In November 2011, they were replaced by director Choo Chang-min and actor Lee Byung-hun in his first ever historical film. A month later, Han Hyo-joo was cast as Lee's co-star.

The film was shot at the Namyangju Studio Complex in Gyeonggi Province.

==Reception==
Called by one review as one of the best South Korean costume dramas in years, the film drew praise for being beautifully written and emotionally involving, as well as for its accomplished acting, sure-handed direction, ambitious scale and commercial appeal. It became the second biggest hit film at the 2012 South Korean box office, attracting 8.2 million admissions in 25 days of release, then 9,091,633 after 31 days. On its 38th day, it became the 7th film in Korean cinema history to surpass the 10 million-milestone attendance.

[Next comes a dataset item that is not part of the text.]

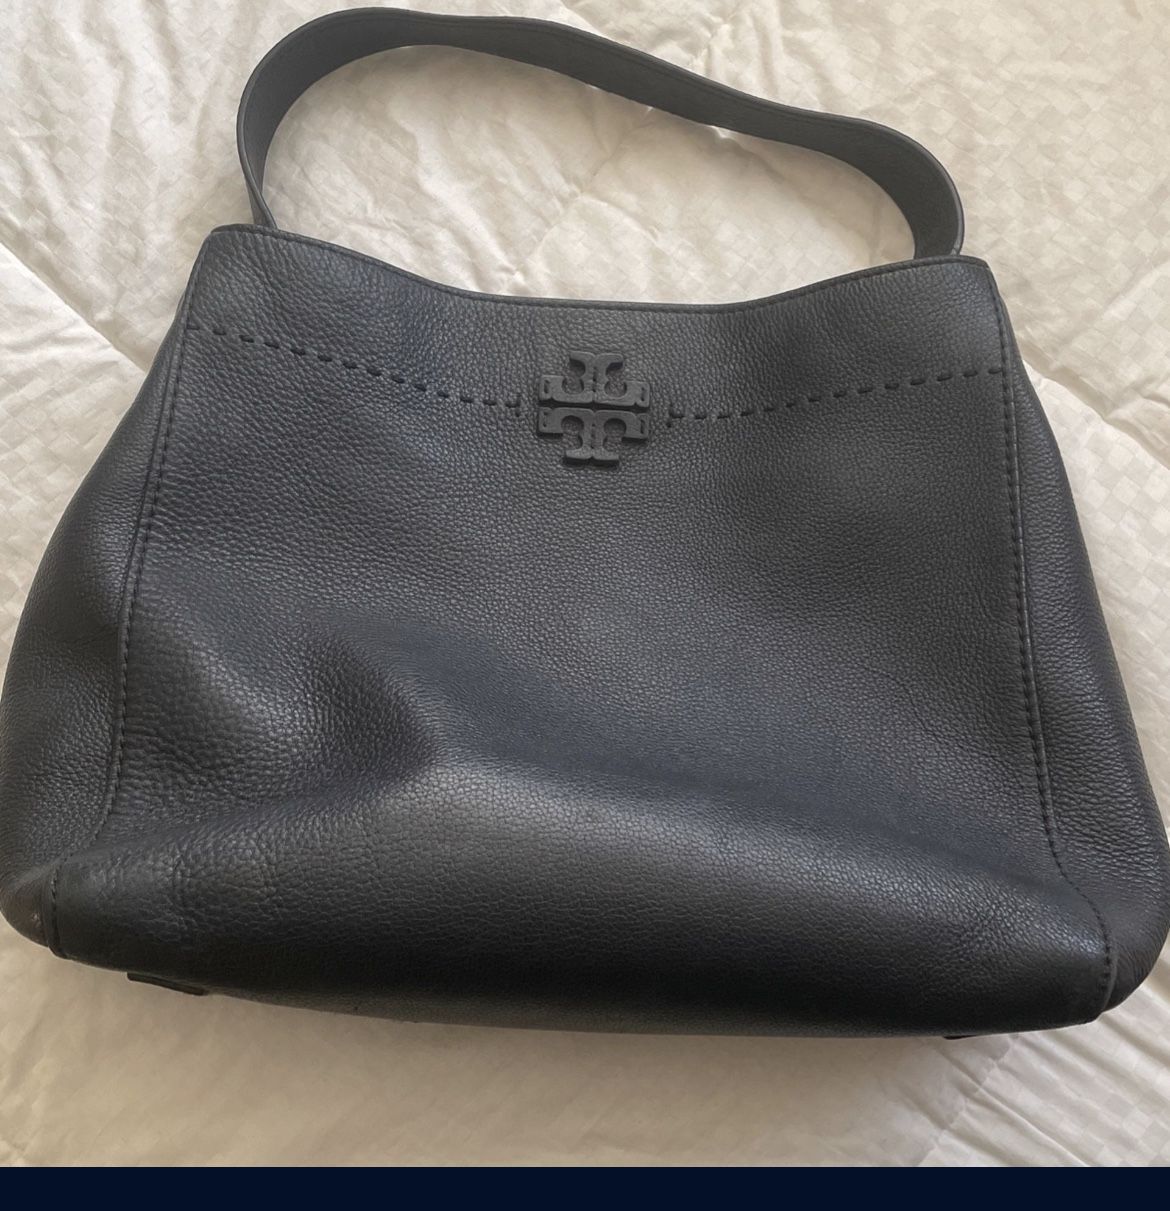 Tory Burch Ever Ready Open Tote for Sale in Anaheim, CA - OfferUp
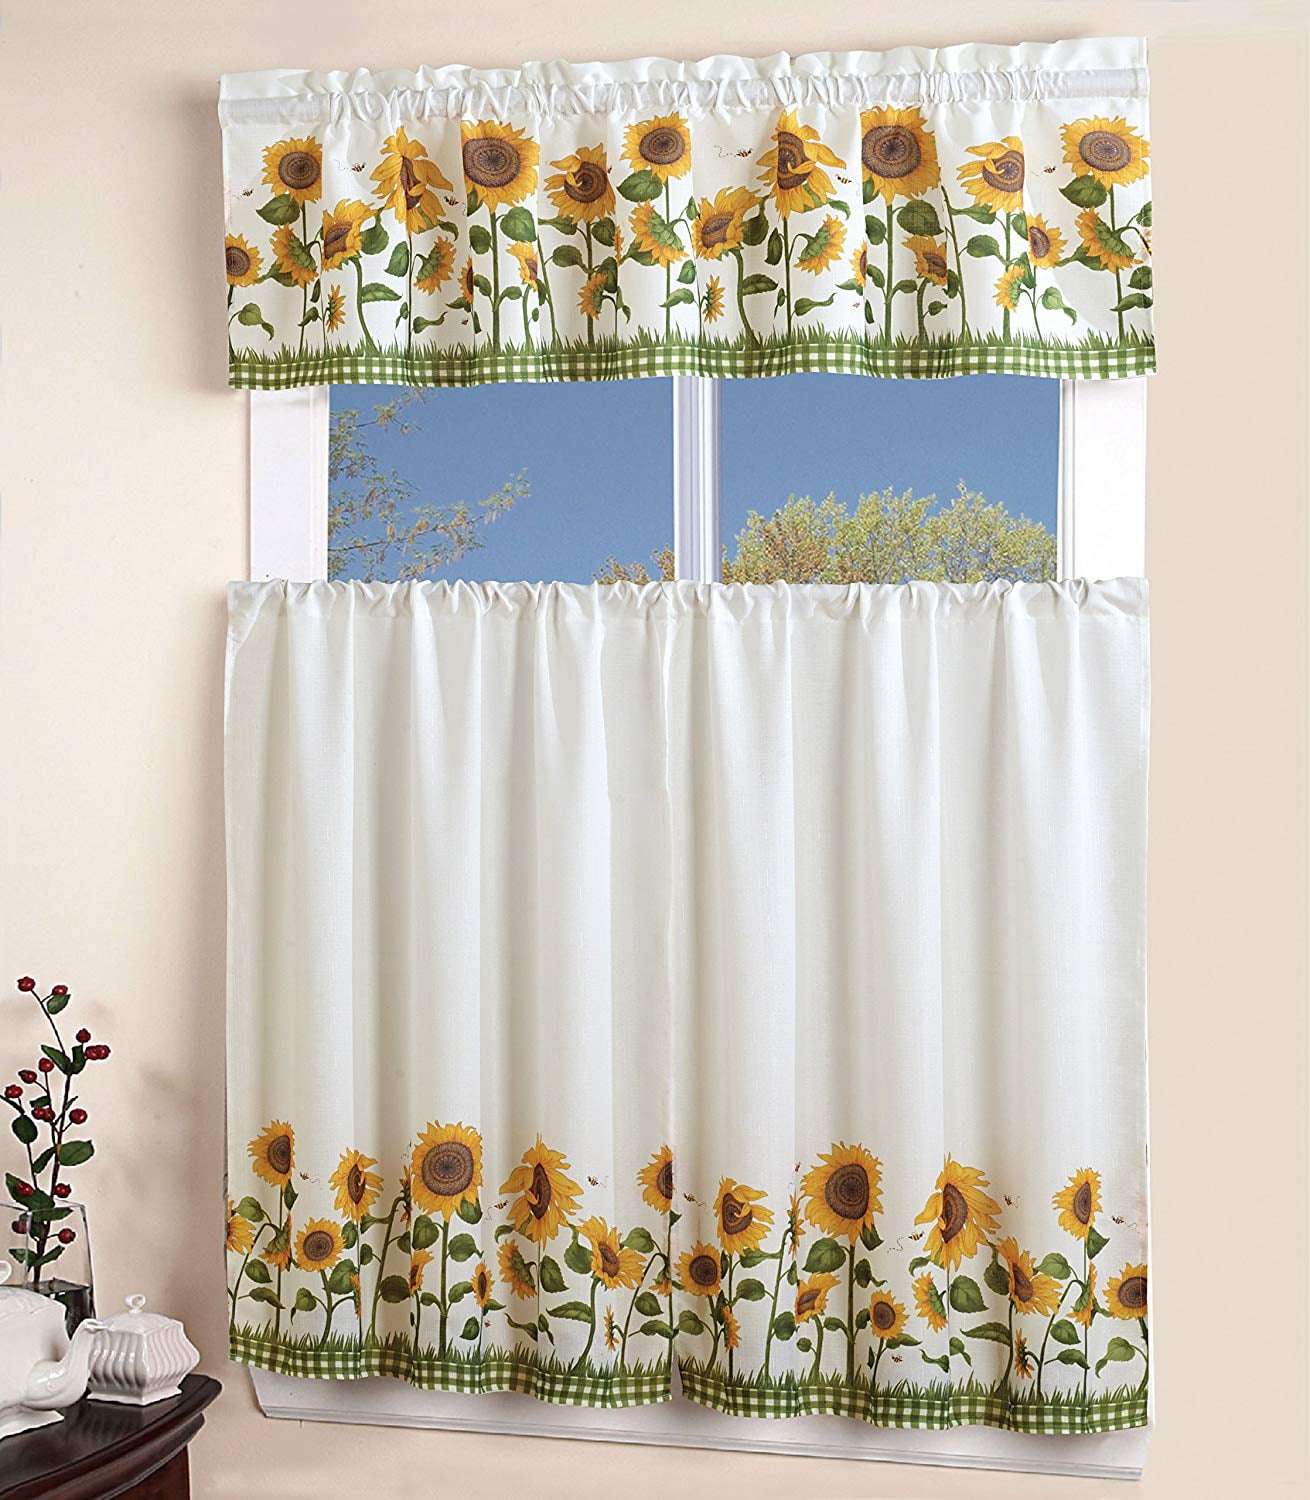 MarCielo 3 Piece Printed Floral Kitchen/Cafe Curtain With Swag and Tier

At the end of its theatrical run it was listed as Korea's all-time third highest-grossing film with 12,319,542 tickets sold nationwide (as of April 2015, it is currently sixth).

==Adaptations==
===In theater===
The film was adapted into a stage play which ran at Seoul's Dongsoong Art Center from February 23 to April 21, 2013. It was produced by Lee Byung-hun's agency BH Entertainment. Bae Soo-bin and musical theatre actor Kim Do-hyun alternated in the lead role of Gwanghae. As part of the promotion for the play, Lee, Bae and Kim were featured in a photo spread in the inaugural issue of Grazia Korea, published on February 20, 2013.

===In television===

Cable network tvN acquired rights for a television adaptation, starring Yeo Jin-goo. Developed for the station by Studio Dragon and produced by GT:st, it is to air in January 2019. (Note: Both tvN and Studio Dragon are sister entities of the film's distributor, CJ Entertainment, under the CJ Group.)

===In other media===

South Korean rapper Agust D draws from the film in his 2020 track Daechwita. The lyrics reference King Gwanghae, as well as rising through the ranks from poverty and servitude to become a king, while in the accompanying music video Agust D portrays a scarred Joseon tyrant, confronted by a modern doppelganger.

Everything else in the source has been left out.